[파이썬] xgboost 학습률 및 깊이 조절

07 Sep 2023

xgboost

XGBoost is a popular machine learning library known for its powerful gradient boosting algorithms. One of the key factors in training an accurate XGBoost model is adjusting the learning rate and depth of the decision trees. In this blog post, we will explore how to adjust these parameters in Python to achieve optimal results.

Importing the Required Libraries

Before we begin, we need to import the necessary libraries. Make sure you have XGBoost installed in your Python environment.

import xgboost as xgb
from sklearn.model_selection import train_test_split
from sklearn.metrics import accuracy_score

Loading the Dataset

Let’s start by loading a sample dataset to work with. For this example, we will use the Iris dataset available in the scikit-learn library.

from sklearn.datasets import load_iris

iris = load_iris()
X = iris.data
y = iris.target

Splitting the Dataset

Next, we need to split the dataset into training and testing sets. We will use the train_test_split() function from scikit-learn for this purpose.

X_train, X_test, y_train, y_test = train_test_split(X, y, test_size=0.2, random_state=42)

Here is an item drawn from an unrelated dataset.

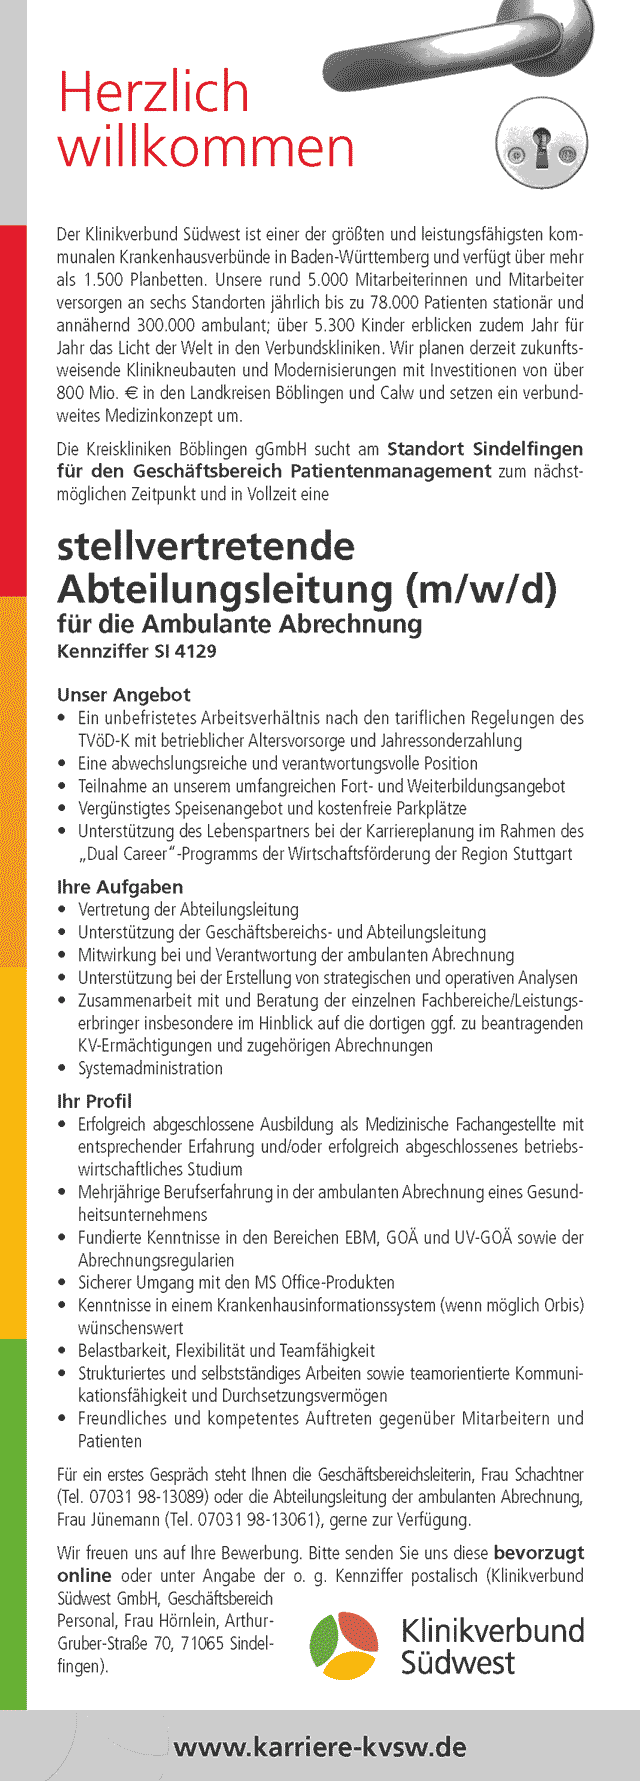 Klinikverbund Südwest GmbH: Stellvertretende Abteilungsleitung für die ambulante Abrechnung (m/w/d)
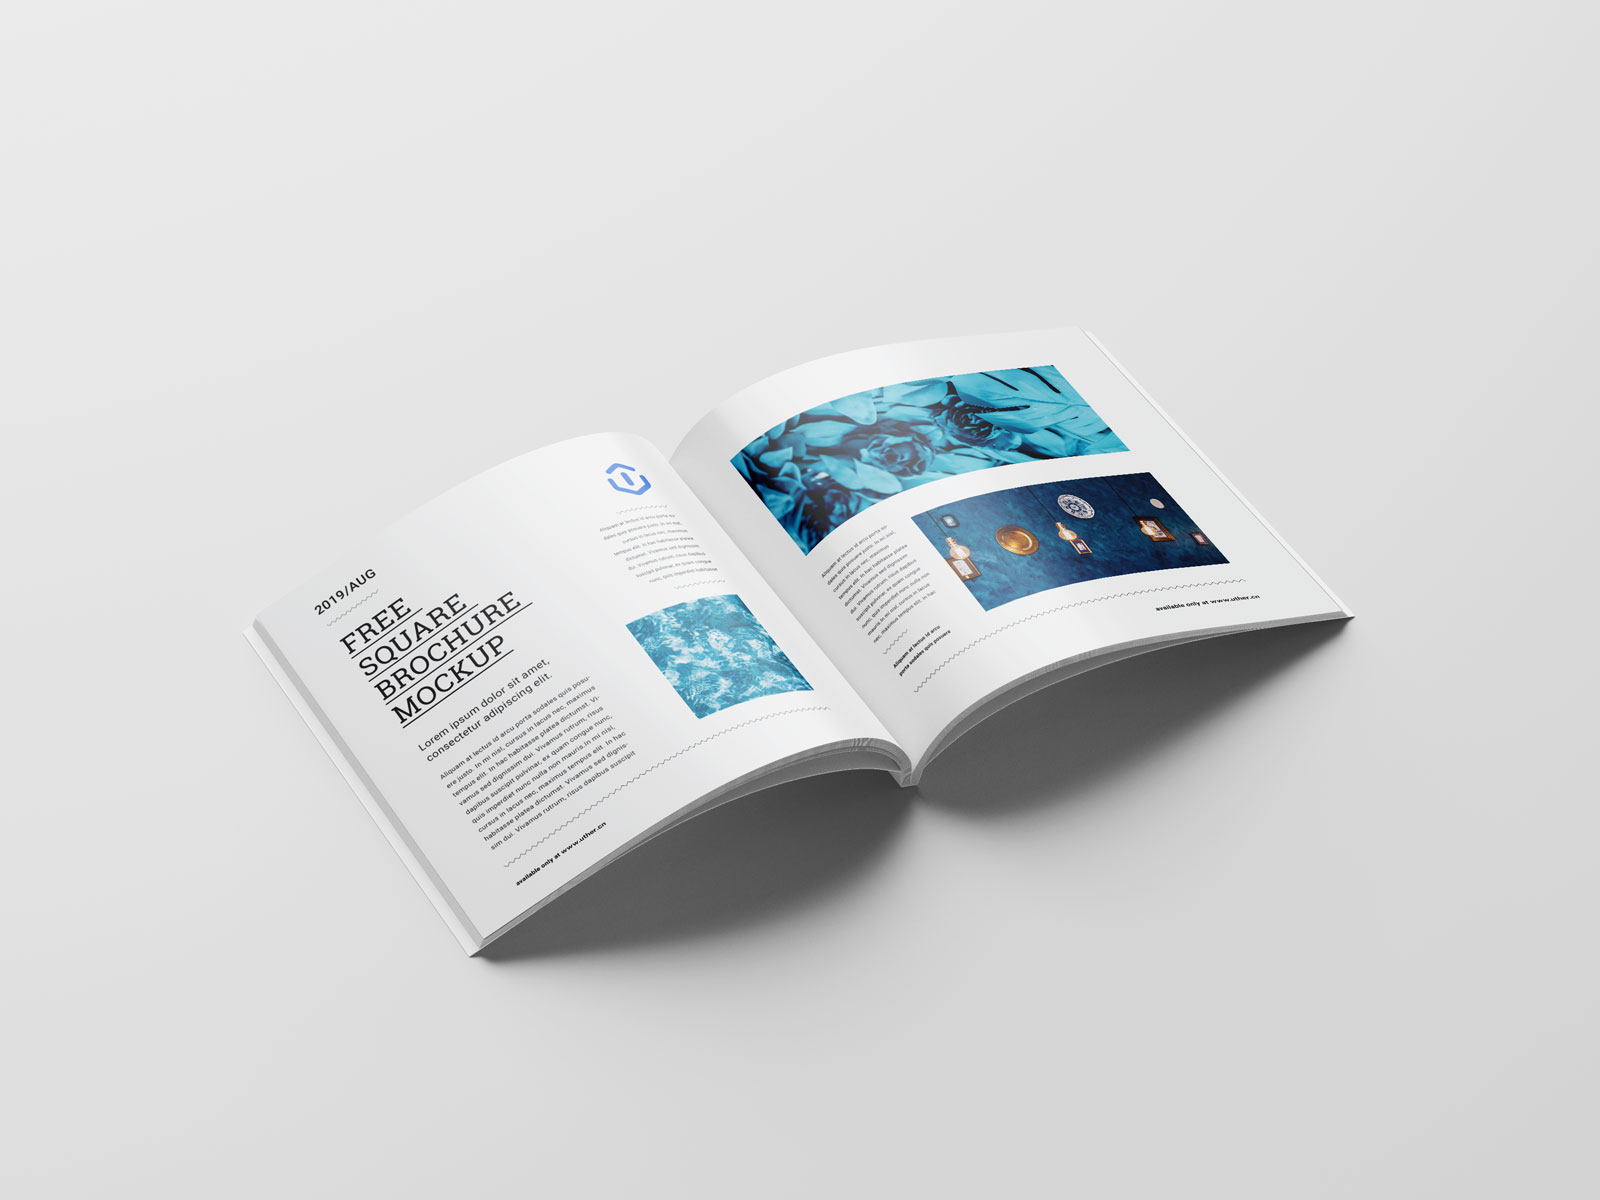 高端正方形胶装宣传册画册手册设计内页展示PSD样机素材brochure mockup

Defining and Training the XGBoost Model

Now let’s define the XGBoost classifier and train the model using the training set.

model = xgb.XGBClassifier(learning_rate=0.1, max_depth=3)
model.fit(X_train, y_train)

Evaluating the Model

After training the model, we can evaluate its performance by making predictions on the testing set and calculating the accuracy score.

y_pred = model.predict(X_test)
accuracy = accuracy_score(y_test, y_pred)
print("Accuracy:", accuracy)

Adjusting the Learning Rate and Depth

To adjust the learning rate and depth of the XGBoost model, you can simply modify their values when creating the XGBClassifier object.

model = xgb.XGBClassifier(learning_rate=0.01, max_depth=5)

The learning_rate parameter controls the step size at each boosting iteration. Lower values can be helpful in preventing overfitting, but may require more iterations to converge.
The max_depth parameter represents the maximum depth of the decision trees. Increasing this value can make the model more complex, but may also lead to overfitting.

Experiment with different values for these parameters to find the optimal combination that yields the best results for your specific problem.

Conclusion

In this blog post, we discussed the importance of adjusting the learning rate and depth in XGBoost models. We also provided an example of how to implement this in Python using the XGBoost library. Remember to fine-tune these parameters based on your specific dataset and problem to achieve the best possible accuracy.